И потекли опять долгие дни в замке де-Шамбрэ. Люси недаром была француженкой; она знала и понимала человеческое сердце. Она ни на секунду не давала задуматься Конькову; она придумывала тысячи развлечений. Утром он учил ее русскому языку, и она проходила с ним литературу. Днем им седлали лошадей, и они уезжали верхом в проездку. Во время прогулок она склонялась иногда с седла и крепко целовала его в губы. Коньков не отвечал на эти поцелуи. Иногда она отъезжала от него и говорила ему: «Беги, если хочешь. Твоя лошадь сильнее и быстрее моей, ты лучше меня ездишь, и ты будешь на своей родине».
Он собирал поводья, будто собираясь скакать, но оборачивался к ней и встречал нежный, любящий взгляд. И он бросал поводья.

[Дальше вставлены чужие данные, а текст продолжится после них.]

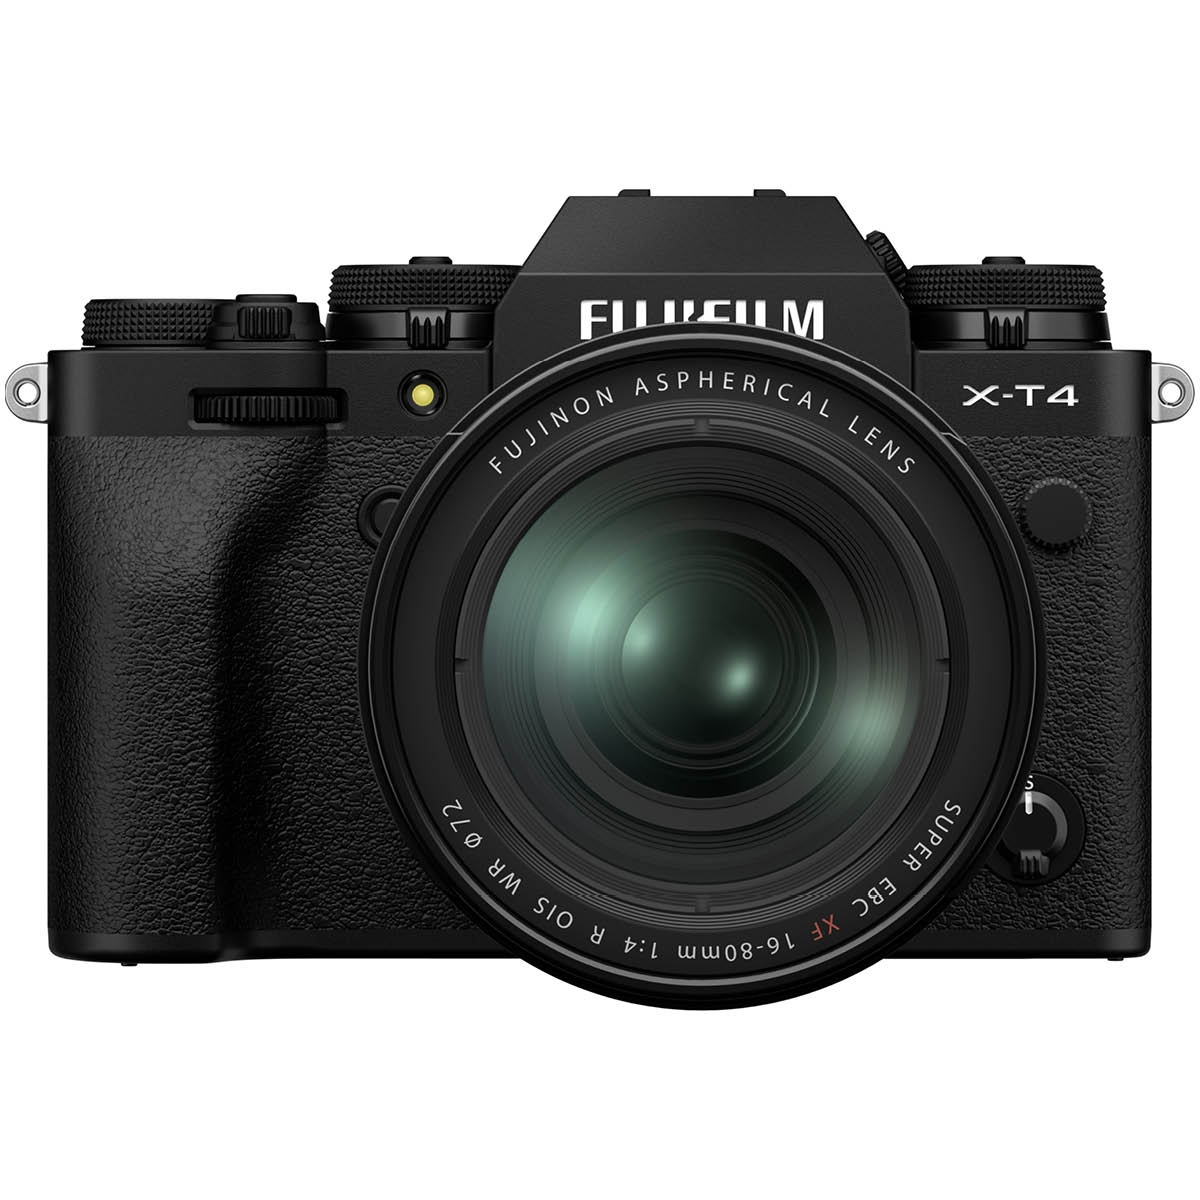 Fujifilm X T4 Kit mit 16-80 mm 1:4,0 Schwarz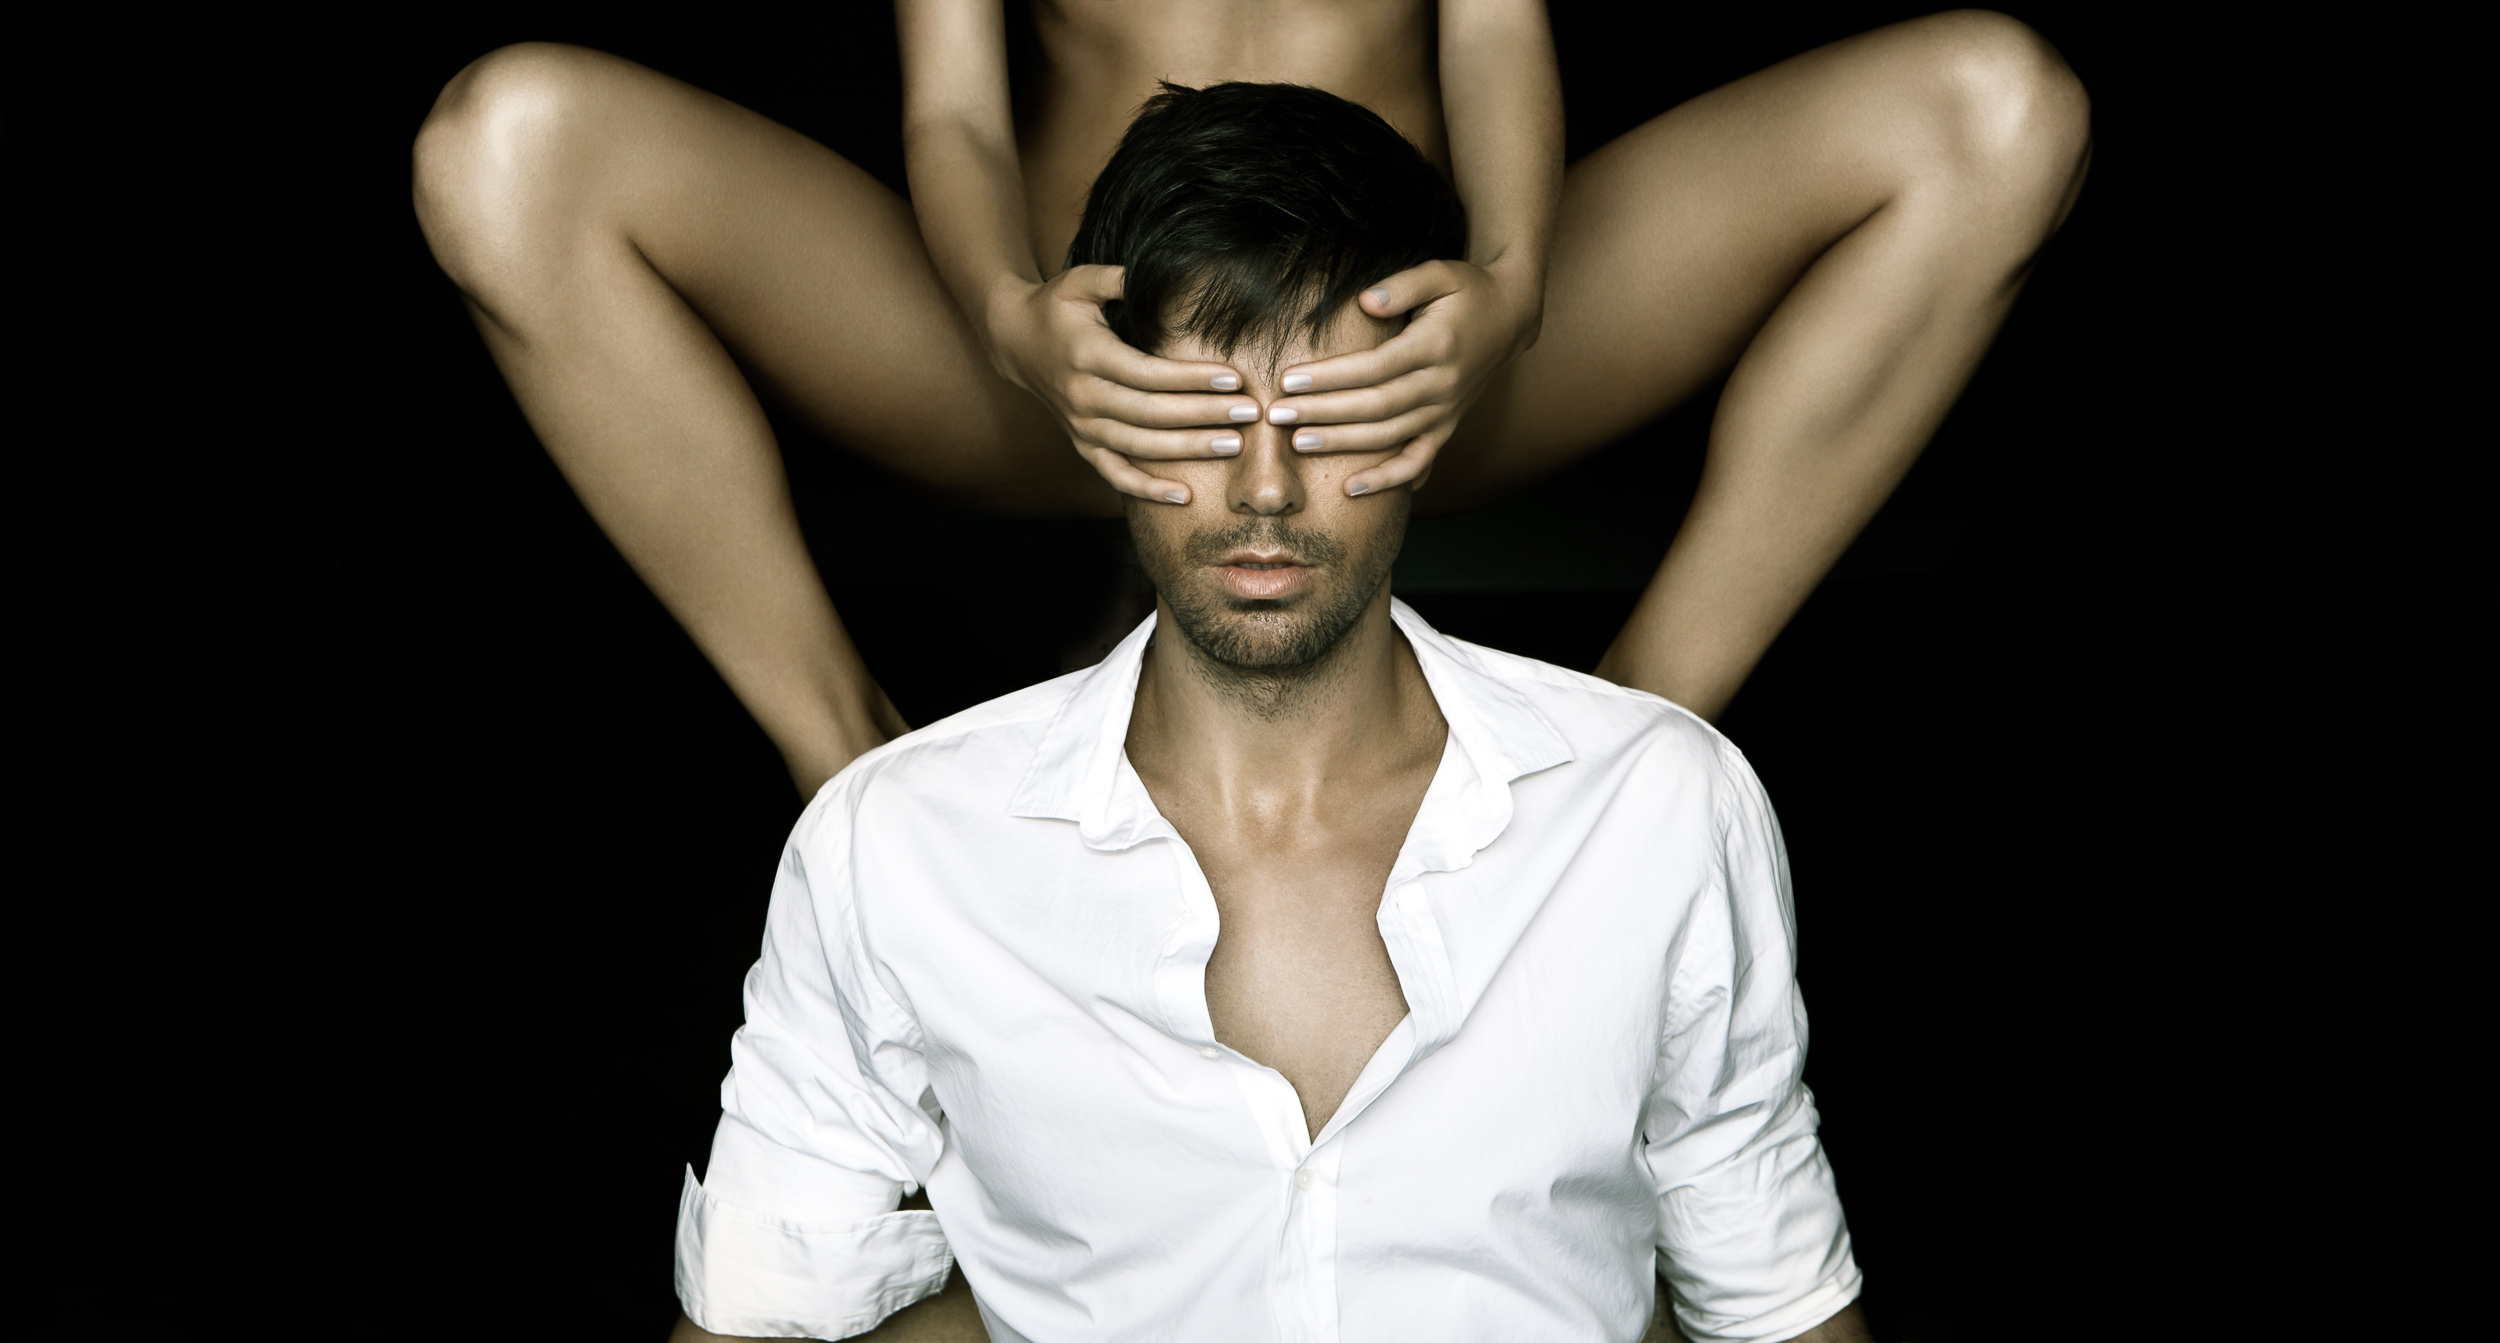 Enrique_Iglesias-Chapman_Baehler14.jpg

Она подъезжала к нему, они ехали вплотную, она заводила с ним разговор про его Ольгу, про его холодную родину. Коньков оживлялся. Он говорил хорошо и вдохновенно, она слушала его внимательно и говорила задумчиво:
– Я тебя отпущу когда-нибудь.
Он глядел на нее, и радость загоралась в его взоре. А она смотрела на него, весело смеялась и говорила:
– Разве могу я тебя бросить, мой грустный казак?!
И потом опять шел разговор про «нее». Она хвалила Ольгу, радовалась, когда Коньков рассказывал, как приезжала к нему невеста в Матзвиц; Коньков смотрел на Люси, ища притворства, но притворства не было, француженка смеялась от души.
– Ты все-таки груб, мой милый, я тебя отшлифую. Ты еще многого, многого не знаешь.
И она ласкала его и голубила. Сперва Коньков противился ее ласкам, потом отдавался весь в ее распоряжение, и она часами расчесывала его черные кудри, гладила усы и брови. Коньков смотрел ей в глаза, видел выражение любви и счастья, то самое выражение, с каким встречала его всегда Ольга, и он забывался.
Вечером иногда приходил сосед-помещик, кюре, и начиналась игра в карты, потом ужин с теплым бургундским и сон.